After we set our Content View in the onCreate() method, we’re going to initialize our inflater, placeholder, and finally our listAdapter like so:

inflater = (LayoutInflater) getSystemService(LAYOUT_INFLATER_SERVICE);

placeholderModel = new ArrayList<>();
listAdapter = new ListViewAdapter(inflater, placeholderModel);

list.setAdapter(listAdapter);

In my first implementation, I created a new Adapter each time we called the success() method, essentially recreating our entire ListView on every successful HTTP request (I’m in love with the no-nos - I got it for the low-lows). By initializing our Adapter in onCreate(), we only need to have a single line in our success() method!

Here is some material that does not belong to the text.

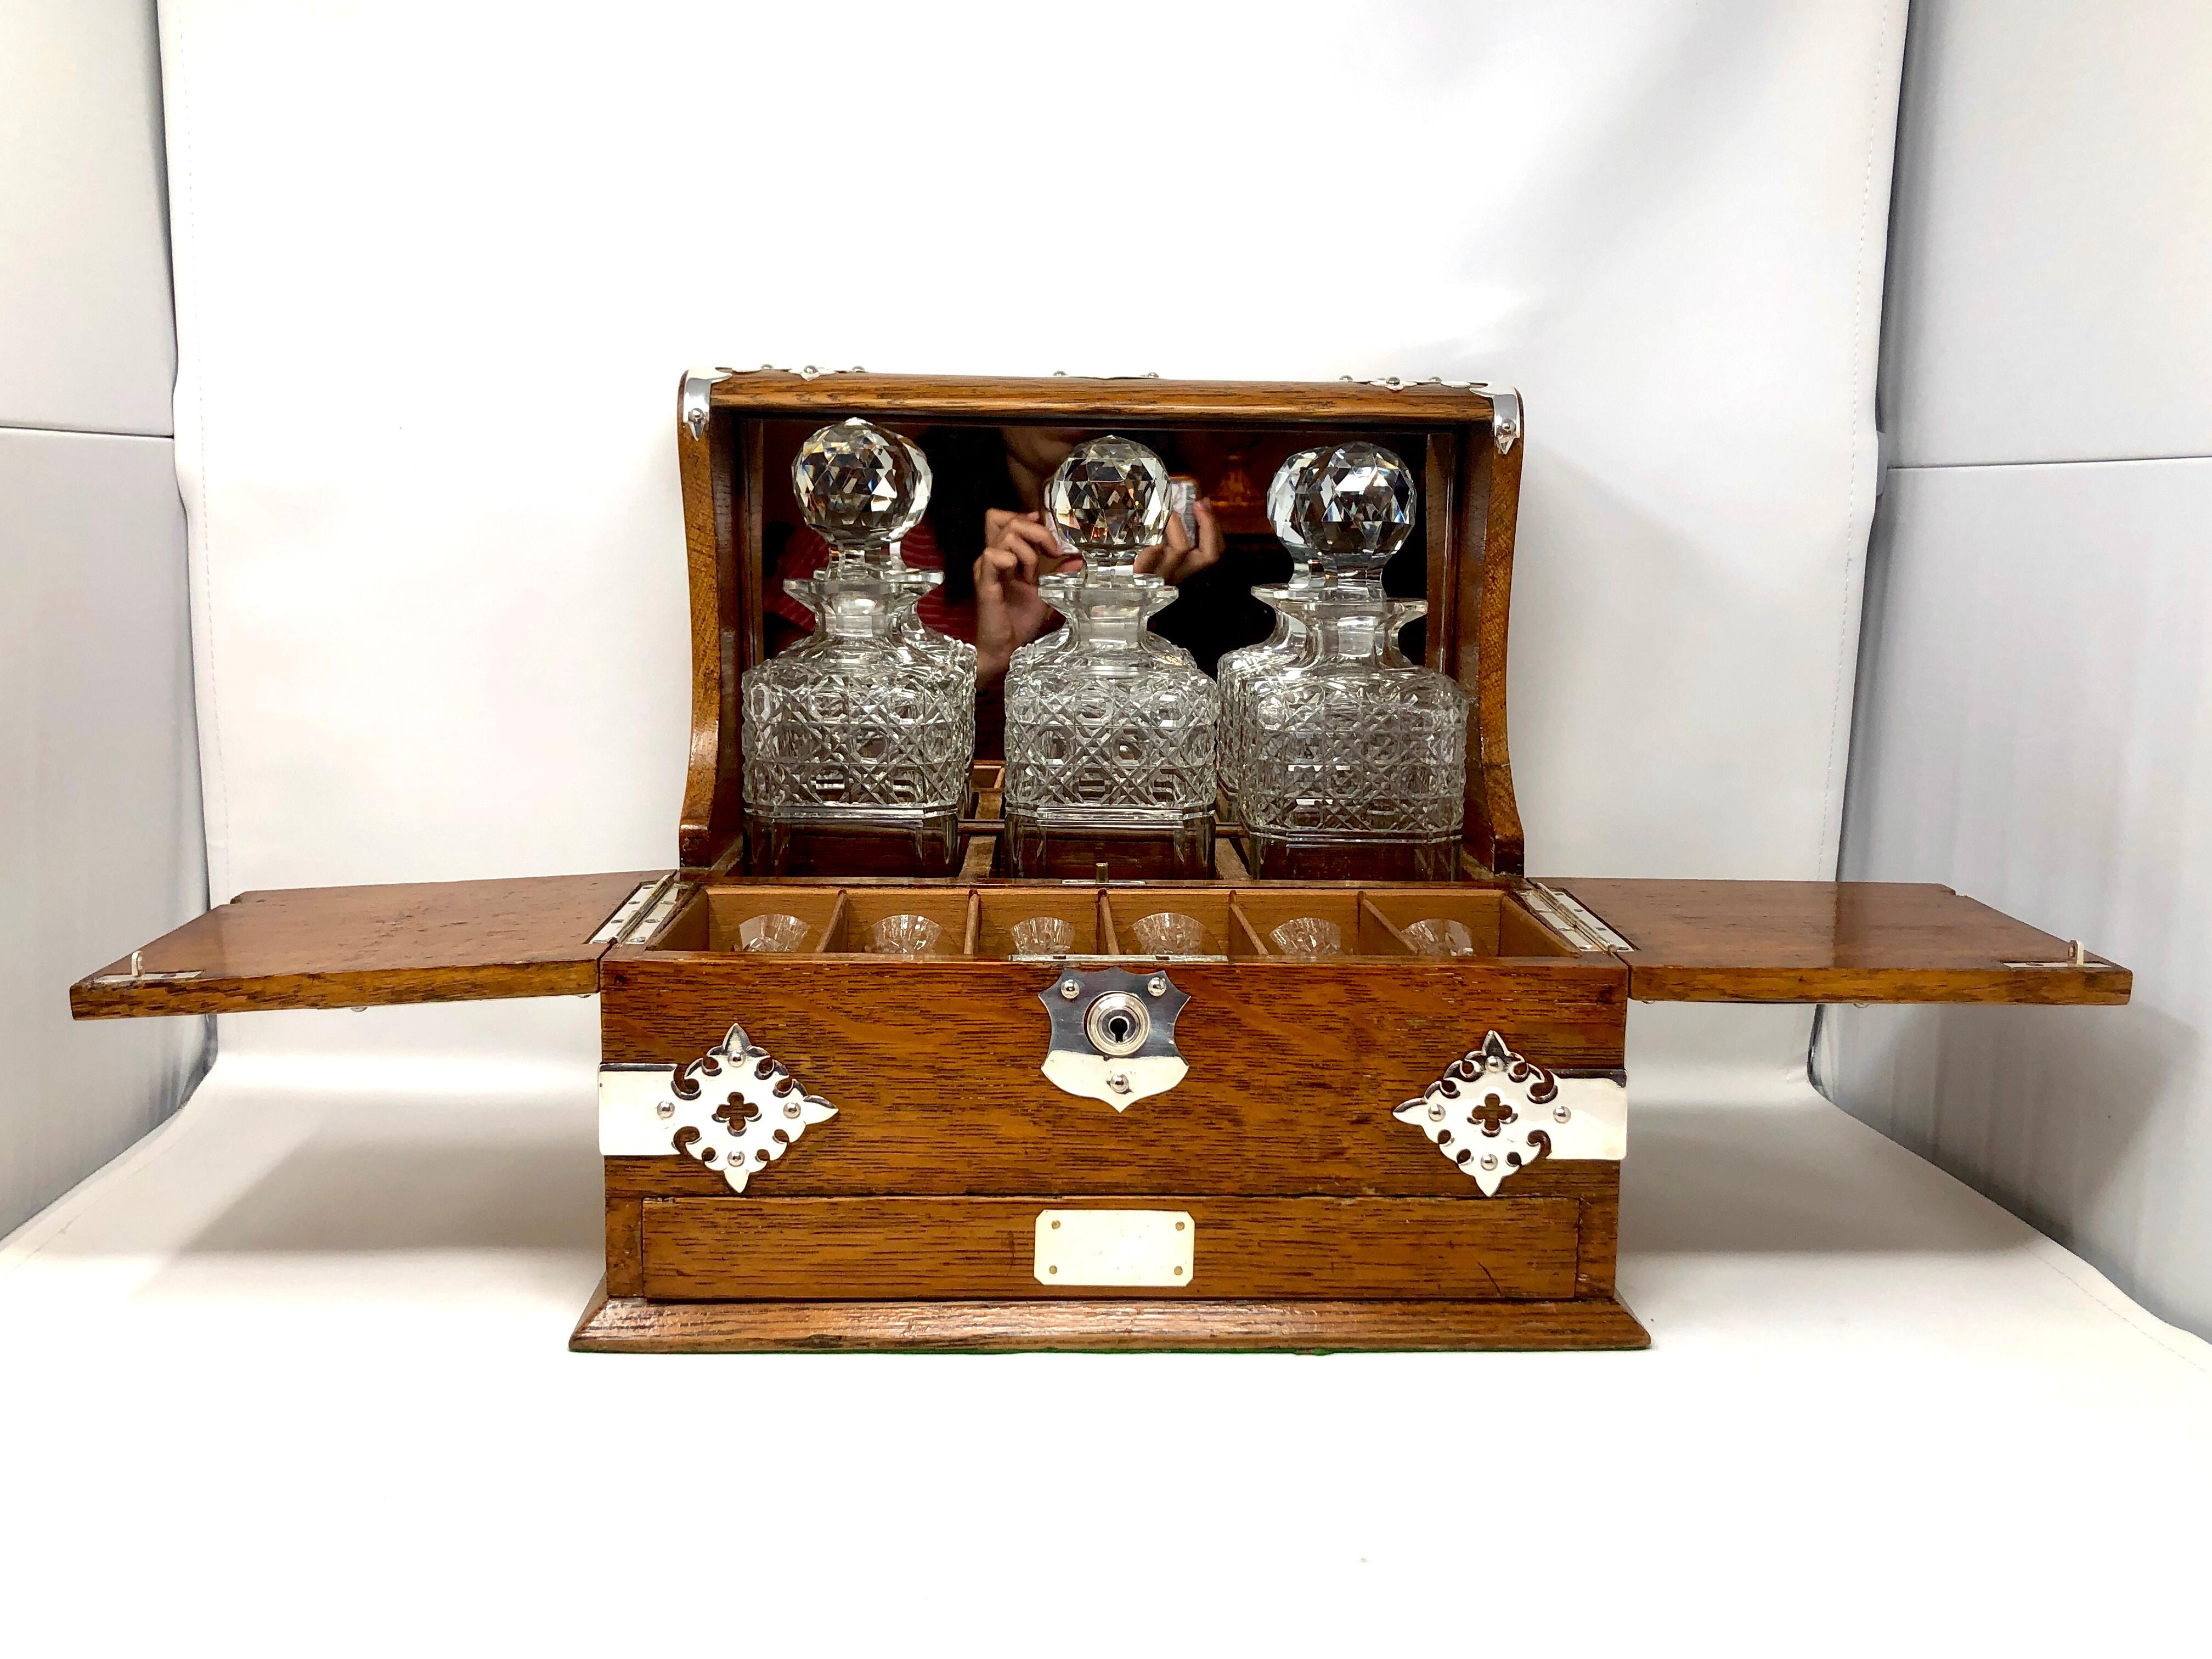 Antique English 3 bottle tantalus and games box compendium, Circa 1875-1885.

listAdapter.setGitmodel(gitmodel);

Putting it all together, this is our MainActivity class:

public class MainActivity extends Activity {

    String API = "https://api.github.com"; // BASE URL
    LayoutInflater inflater;
    List<GitModel> placeholderModel;
    ListViewAdapter listAdapter;
    @Bind(R.id.listView)
    ListView list;
    @Bind(R.id.texv)
    TextView tv;

    @Override
    protected void onCreate(Bundle savedInstanceState) {
        super.onCreate(savedInstanceState);
        setContentView(R.layout.activity_main);
        ButterKnife.bind(this);
        inflater = (LayoutInflater) getSystemService(LAYOUT_INFLATER_SERVICE);

        placeholderModel = new ArrayList<>();
        listAdapter = new ListViewAdapter(inflater, placeholderModel);

        list.setAdapter(listAdapter);
        RestAdapter restAdapter = new RestAdapter.Builder()
                .setEndpoint(API).build();  //create an adapter for retrofit with base url

        GitApi git = restAdapter.create(GitApi.class);  //creating a service for adapter with our GET class

        git.getFeed(new Callback<List<GitModel>>() {
            @Override
            public void failure(RetrofitError error) {
                tv.setText(error.getMessage());
            }
            @Override
            public void success(final List<GitModel> gitmodel, Response response) {
                listAdapter.setGitmodel(gitmodel);
            }
        });
    }
}

And there we have it!

We’ve replaced our ugly TextView with a slightly-less-ugly ListView! We also got some familiarity with Picasso - if you’d like, you can try to load images into the ImageView using more traditional methods and see just how well Picasso (named after the Picasso Triggerfish, a triggerfish found in the reefs of the Indo-Pacific region) streamlines image handling.